Vejamos em que medida pode a ministra garantir tal previsão e se o seu desejo tem ou não sustentação legal. A minha intuição é que ela sabe do que fala e acha que o deve afirmar agora. Na verdade penso que apenas não põe como limite temporal para esse desiderato o final de 2008/09 por modéstia e para não ser acusada de eleitoralismo.

  • A ministra sabe que na generalidade das escolas a farsa da avaliação vai de vento em popa, isto é, que a maior parte dos órgãos de gestão e dos avaliadores entraram num processo de simplificação da avaliação, que vai garantir que em Setembro de 2009 “temos avaliação e avaliados” (mesmo a tempo da campanha eleitoral)
  • A ministra também sabe que esse processo de simplificação vai reflectir-se em pouca seriedade no que diz respeito à definição de critérios, indicadores de medida de sucesso escolar e, por arrasto, contaminar a seriedade da avaliação dos alunos;

Olhemos para a armadilha que consiste em definir como objectivos individuais dos professores os valores que podem e devem constituir metas organizacionais:

  • Imaginemos que numa escola se define como meta para o sucesso alcançar uma taxa de transição global de 95% dos alunos;
  • Imaginemos que, numa lógica de “simplificação do processo”, nessa escola não são analisadas as séries estatísticas por disciplina e por ano de escolaridade;
  • Imaginemos que, na senda do “nacional-porreirismo”, os avaliados “simplificam” o processo e aceitam como um objectivo baixar a sua taxa de insucesso para um valor de 5%, cumprindo assim os valores da meta organizacional;
  • Isso significa que numa turma de 28 alunos cada um dos professores “pode” apenas propor um nível negativo (2 negativas = 7.14%);
  • Isso significa também que, a menos que haja uma concentração de negativas em dois ou três alunos, nenhum aluno dessa turma ficará retido, uma vez que são precisas 3 ou mais negativas para acontecer a retenção.
  • Relativamente ao 9º ano, acrescentando a este raciocínio o de os professores de Língua Portuguesa e Matemática estarem condicionados pela comparação entre os seus resultados e os dos exames nacionais, e recordando os níveis de exigência colocados, tanto na elaboração como na correcção das provas, no ano lectivo anterior, é de prever que só algum louco ou alguém com uma auto-estima inabalável se atreva a reprovar um aluno nestas duas disciplinas.

É pois com base nestas premissas que a ministra pode anunciar, com total despudor, que em breve haverá 100% de sucesso na escola pública.
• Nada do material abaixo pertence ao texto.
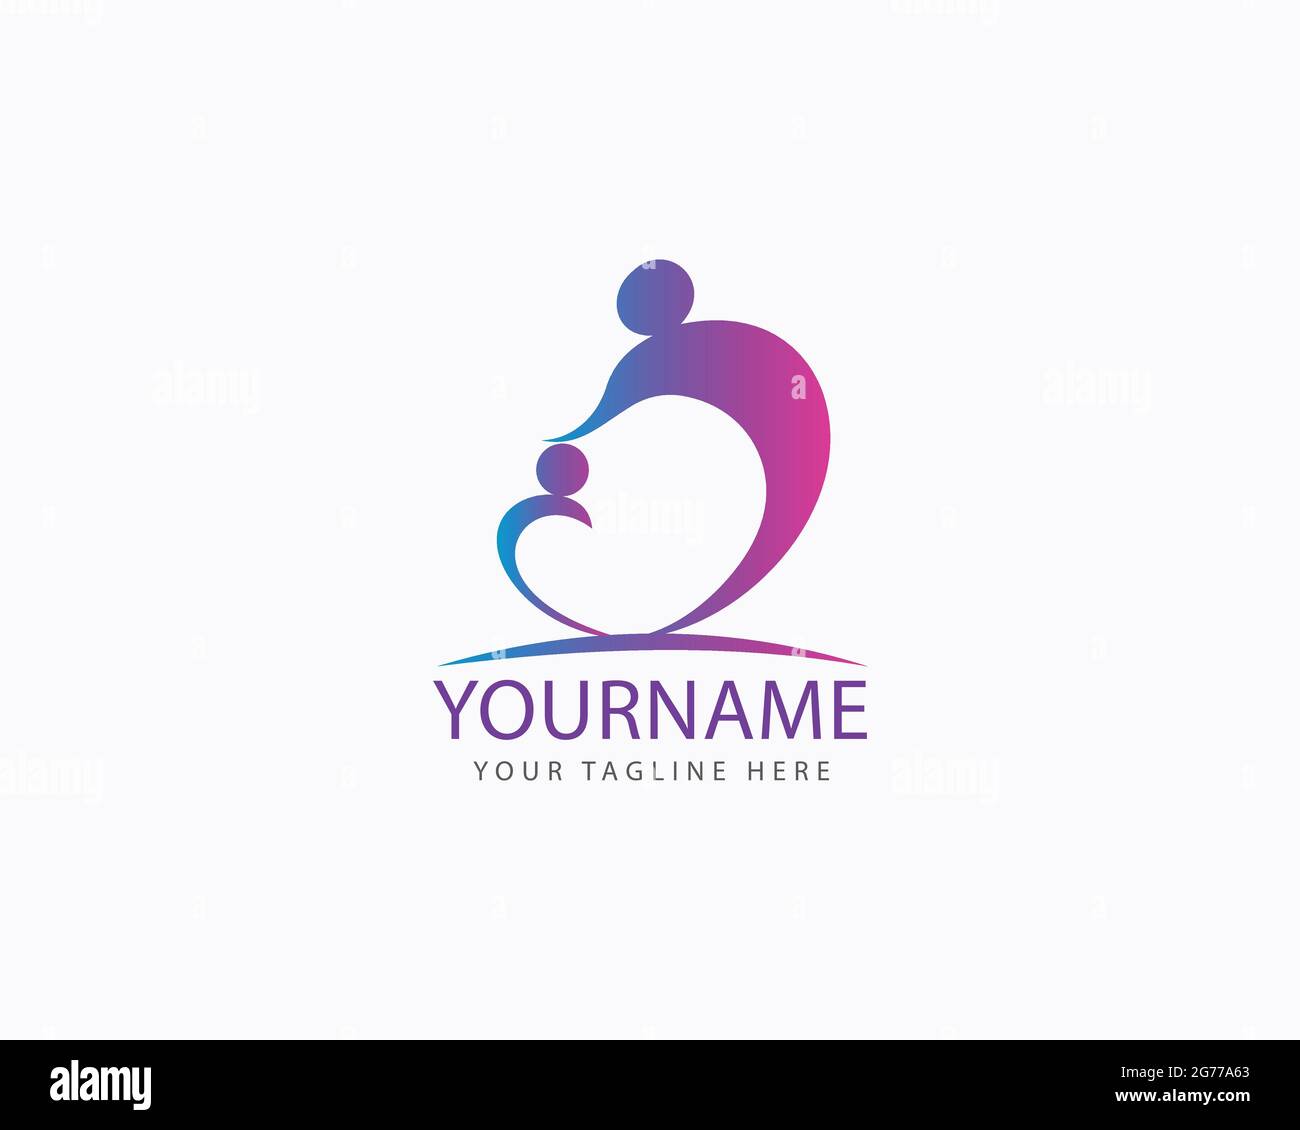 Charity people human logo design full vector and easy to edit and customize, compatible with almost illustrator version Stock Vector

Claro que não se refere à qualidade das aprendizagens nem ao sucesso na aquisição de competências académicas, mas apenas ao sucesso estatístico que permite ganhar eleições e satisfazer as instâncias de regulação internacional, a quem o país se submete como contrapartida por algum auxílio económico.

É por isso que a forma correcta de combater o eleitoralismo e a desonestidade demagógica deste modelo de avaliação (senão mesmo a única forma de o fazer), é renunciando a simplificações mistificadoras, exigindo seriedade e rigor nos processos e obrigando os órgãos de gestão das escolas e os respectivos avaliadores a cumprirem tudo o prescrito na legislação em vigor.

Por muito trabalho que isso dê a toda a gente, e fazendo-o de forma contextualizada em cada escola, sem pretender copiar esquemas que são bons num sítio mas inexequíveis noutro.